╭─ Data provided

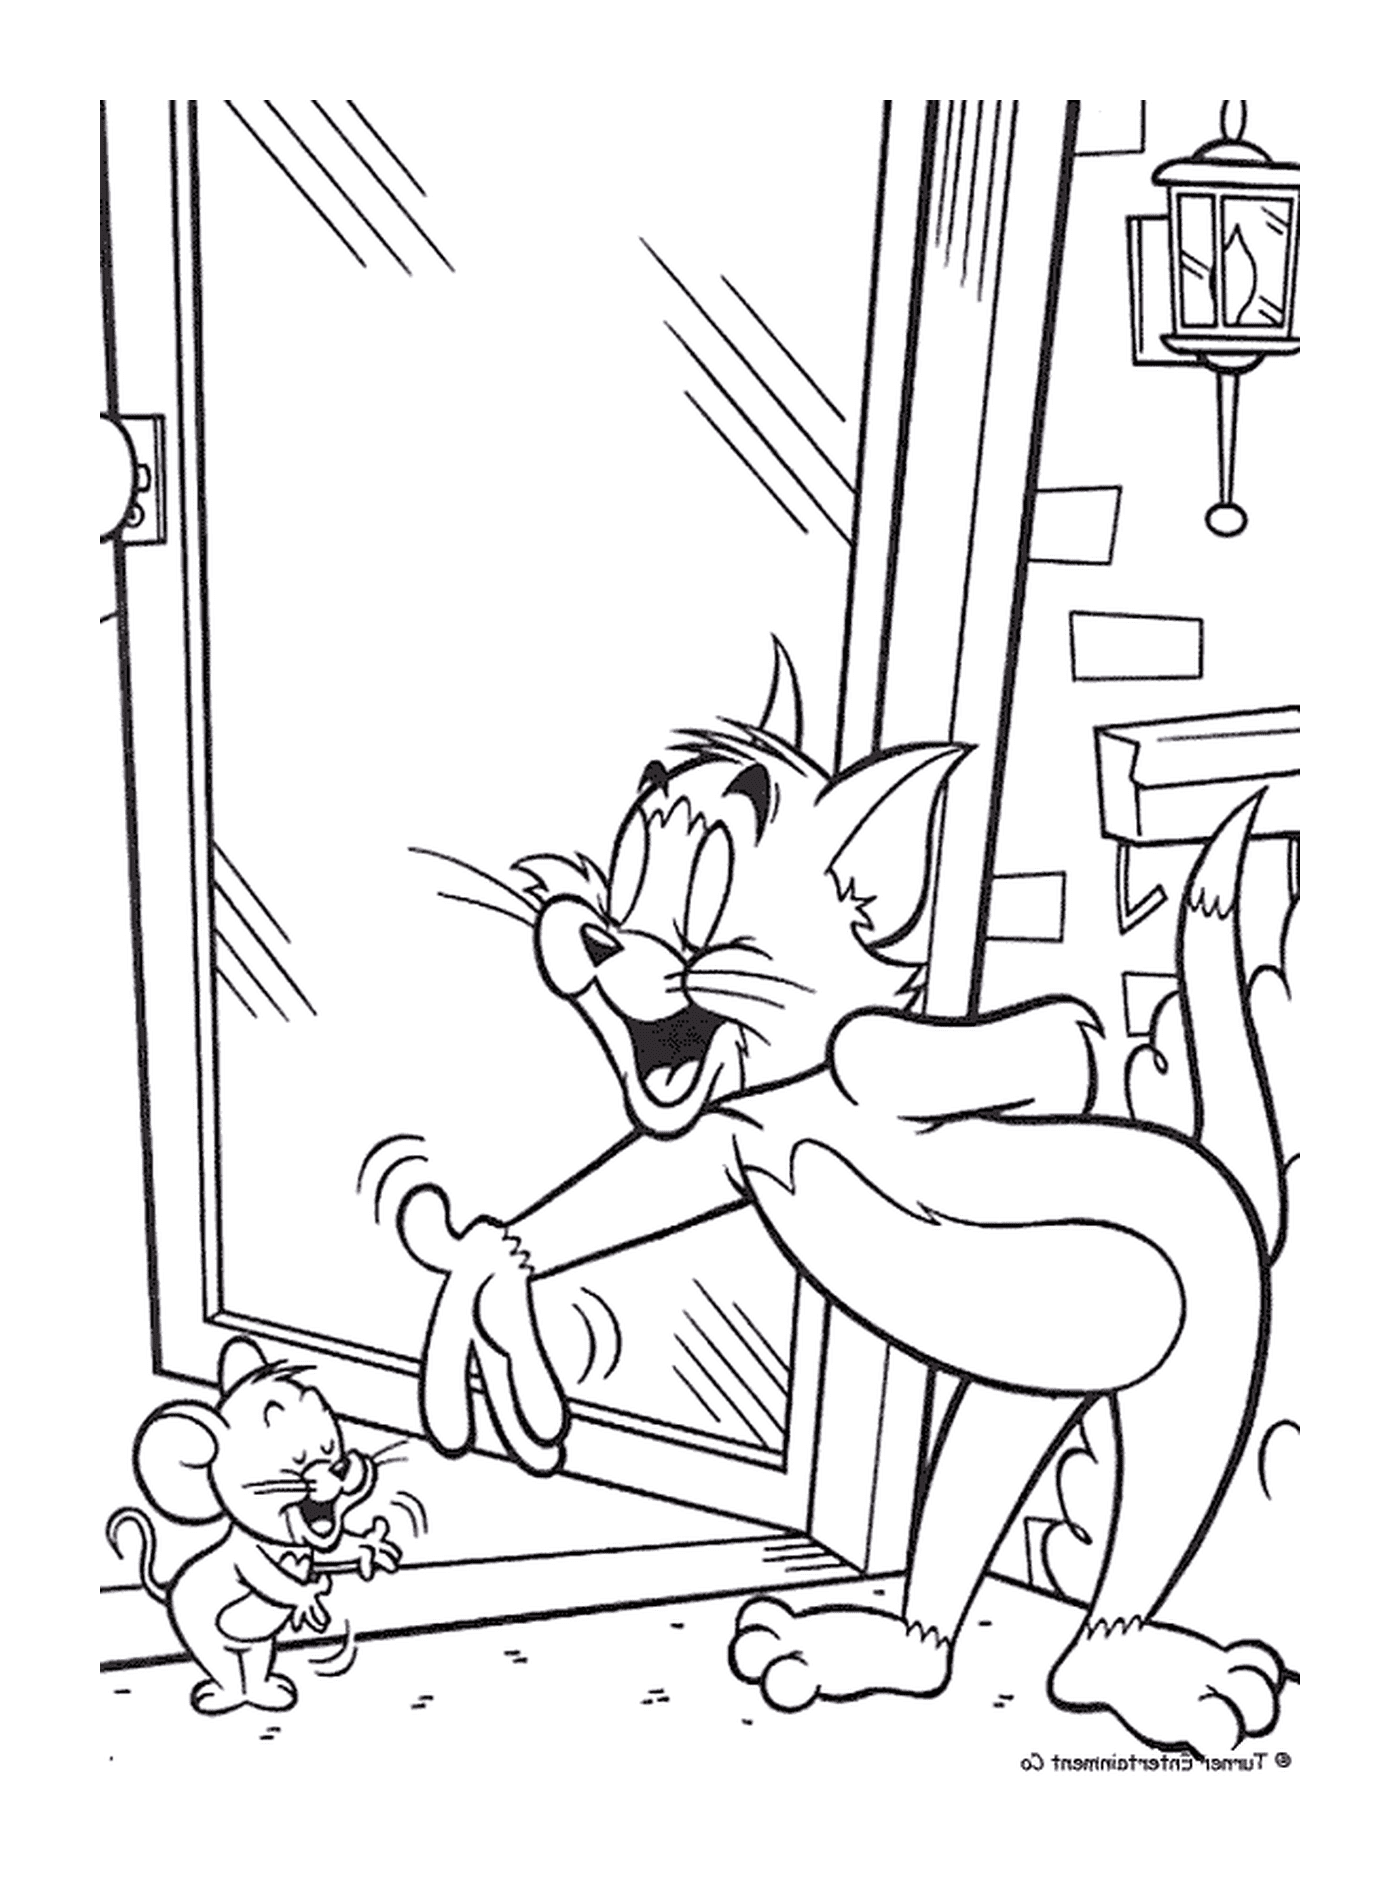   Tom et Jerry se saluent 
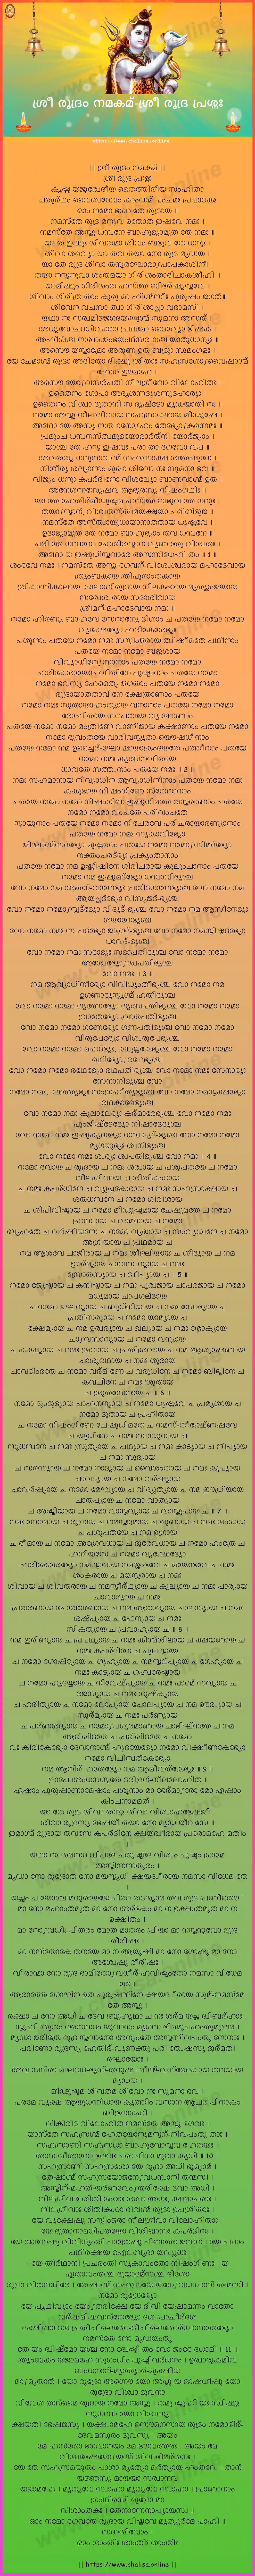 sri-rudra-prasnah-sri-rudram-namakam-malayalam-malayalam-lyrics-download
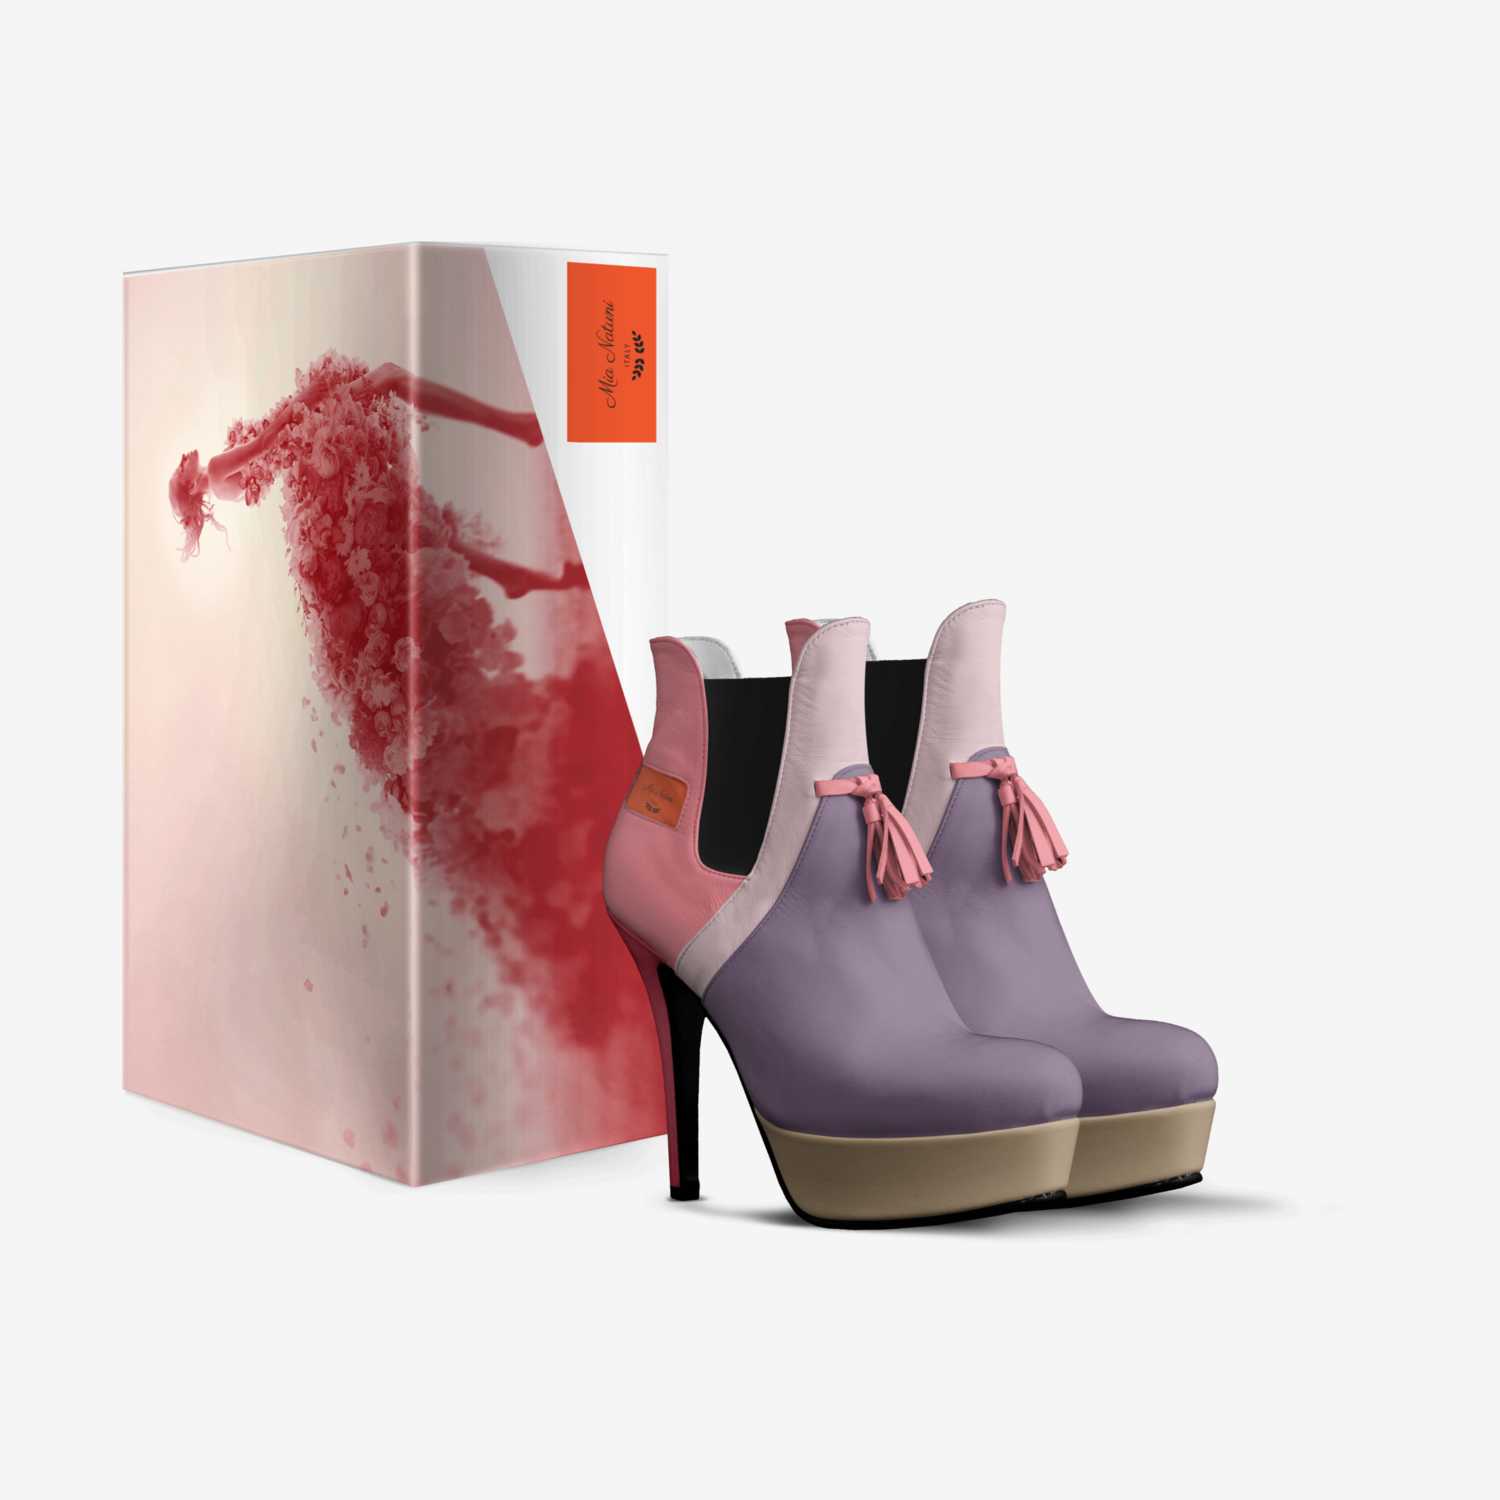 Yokozunah custom made in Italy shoes by John Koly | Box view

╰─

### What you will do
Output all of the data exactly. Skip the pictures.

### Exercise output
   Tom et Jerry se saluent 
 sri-rudra-prasnah-sri-rudram-namakam-malayalam-malayalam-lyrics-download
 Yokozunah custom made in Italy shoes by John Koly | Box view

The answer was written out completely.